Edwards, who was sprayed at the same time and who They testified. In testimony to the House’s Jan. 6 committee last June, Cicnik said she was “pale with shock” during the attack and blamed the survivors for not being able to help him because she was powerless at the time.

“Sometimes when I close my eyes I can see his face as white as a sheet,” she said. New York Times. “I would give anything to take the pain away from the Siknik family and my fellow officers.”

Dozens of U.S. Capitol Police officers attended Friday’s sentencing in federal district court in Washington, which included testimony from the Siknik family.

Brian Cicnik’s mother, Gladys Cicnik, told Cater at the sentencing: “You attacked my son like an animal. You are the animal, Mr. Cutter. … How would you feel going to jail for lying to your bald face?” according to NPR.

She was more critical of the rioters.

“You all bear responsibility for the injuries Brian’s colleagues suffered — the broken bones, head injuries and ongoing mental anguish they suffer,” the Times reported. “Imagine the emotional pain that causes someone to take their own life. Four officers committed suicide. “You and your ‘movement’ have killed them,” he said.

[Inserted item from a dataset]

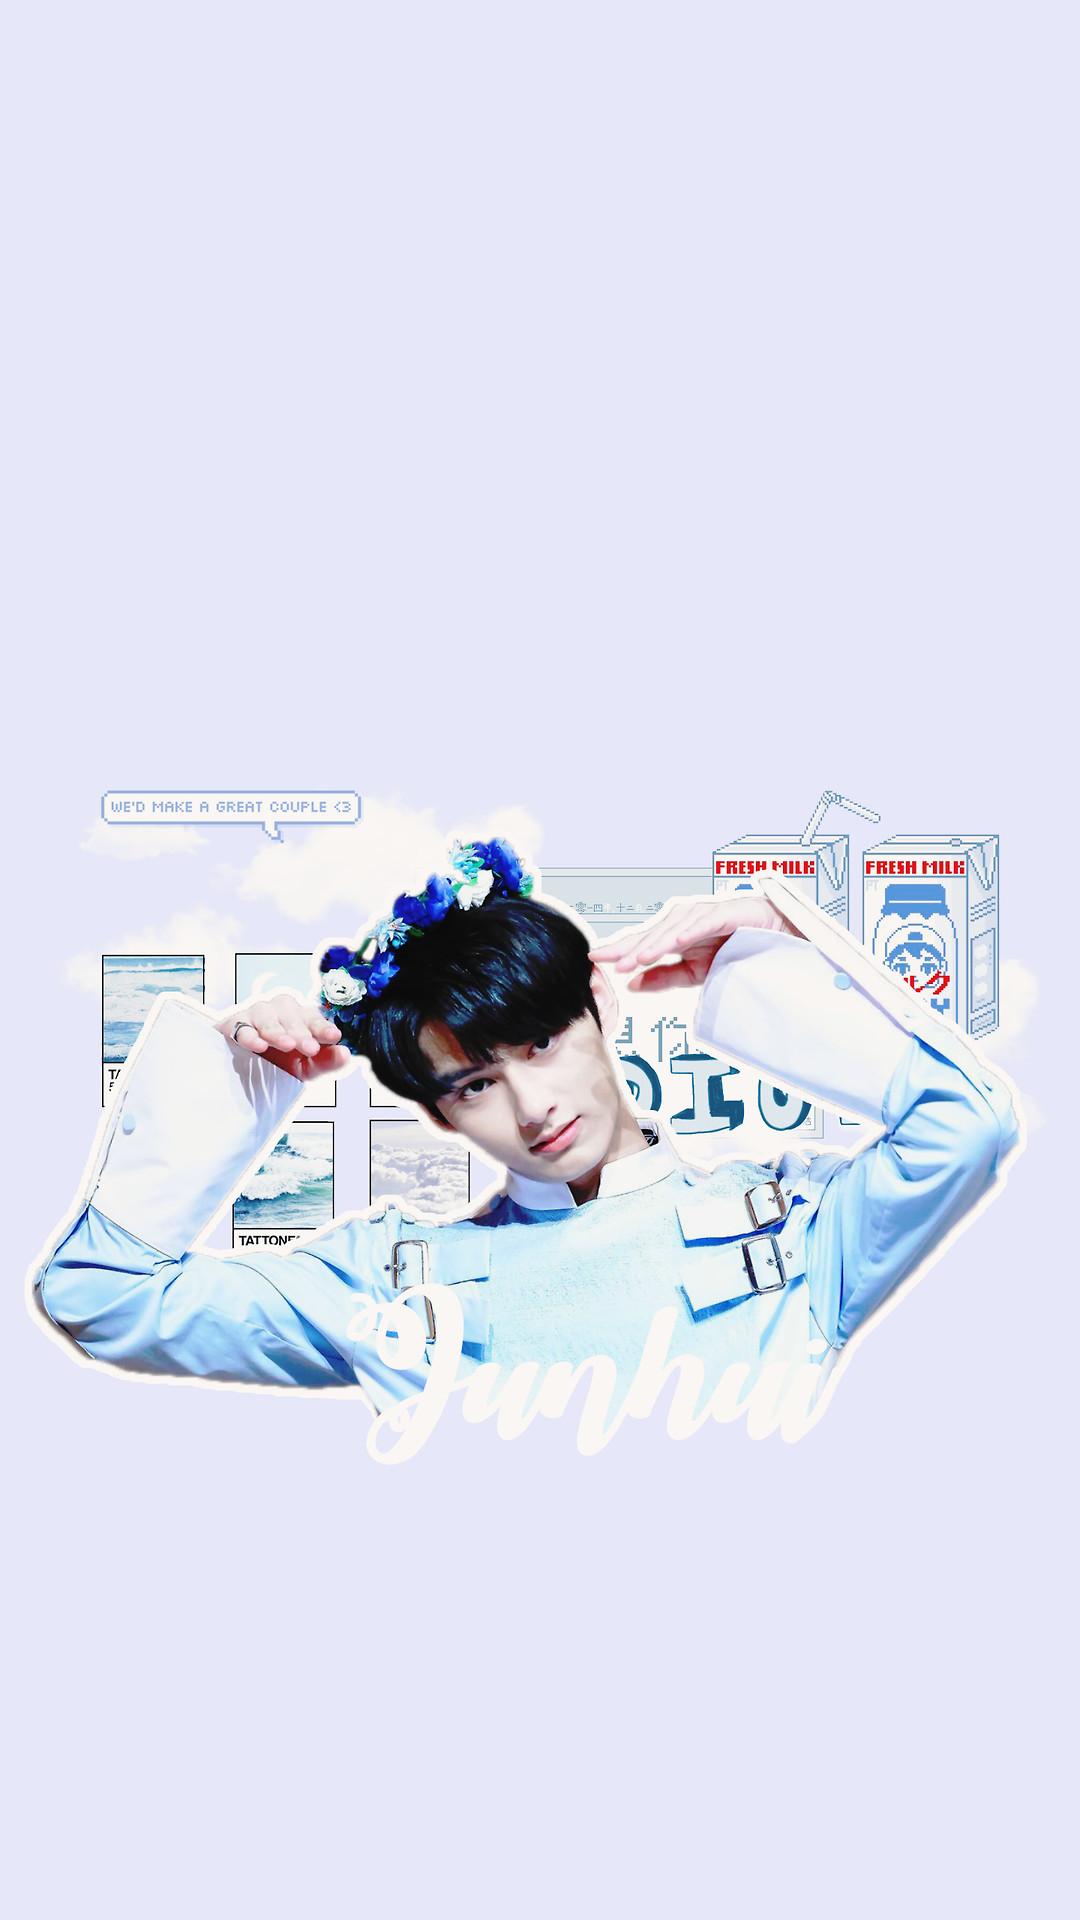 jun lockscreens seventeen wallpapers kpop locks jun wallpapers seventeen  locks pastel locks jun locks seventeen lockscreens
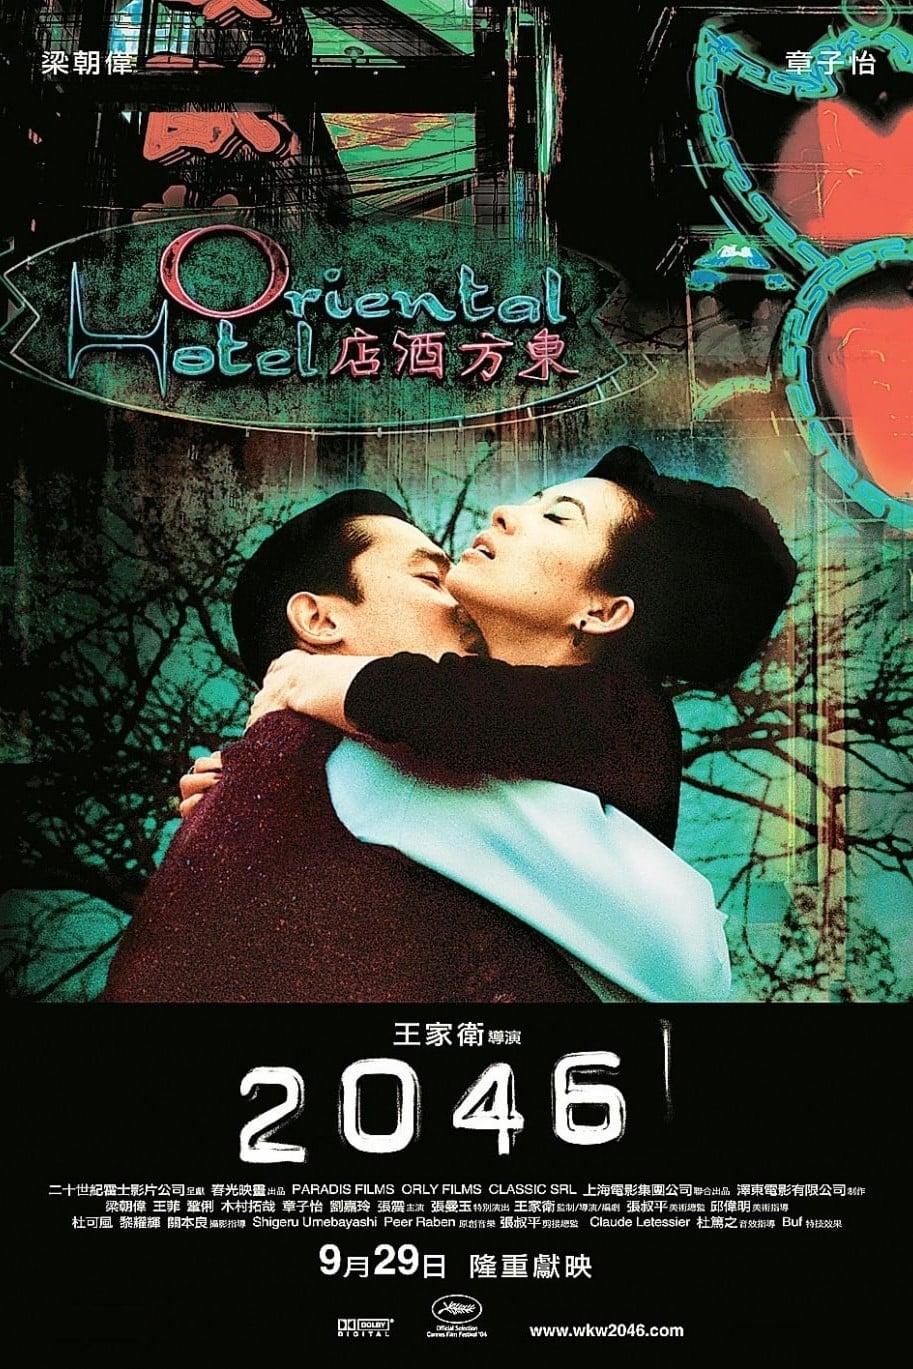 Căn phòng 2046 - 2046 (2004)

Khatter asked the court to sentence him over time.

“What happened on January 6th – no word,” he told Hogan. “It’s sad, and I wish I could have it all back.

Hogan said Cater did not apologize to the officers. Khatter said he did not apologize because of ongoing civil cases, including a lawsuit from Siknik’s longtime partner, Sandra Garza.

“I find this to be a very self-centered approach,” Hogan told Cater.

He is the second person associated with State College to be charged with a felony in connection with the January 6, 2010, incident. Brian Gunderson28, was He was found guilty Disrupting a congressional vote and assaulting a law enforcement officer in November.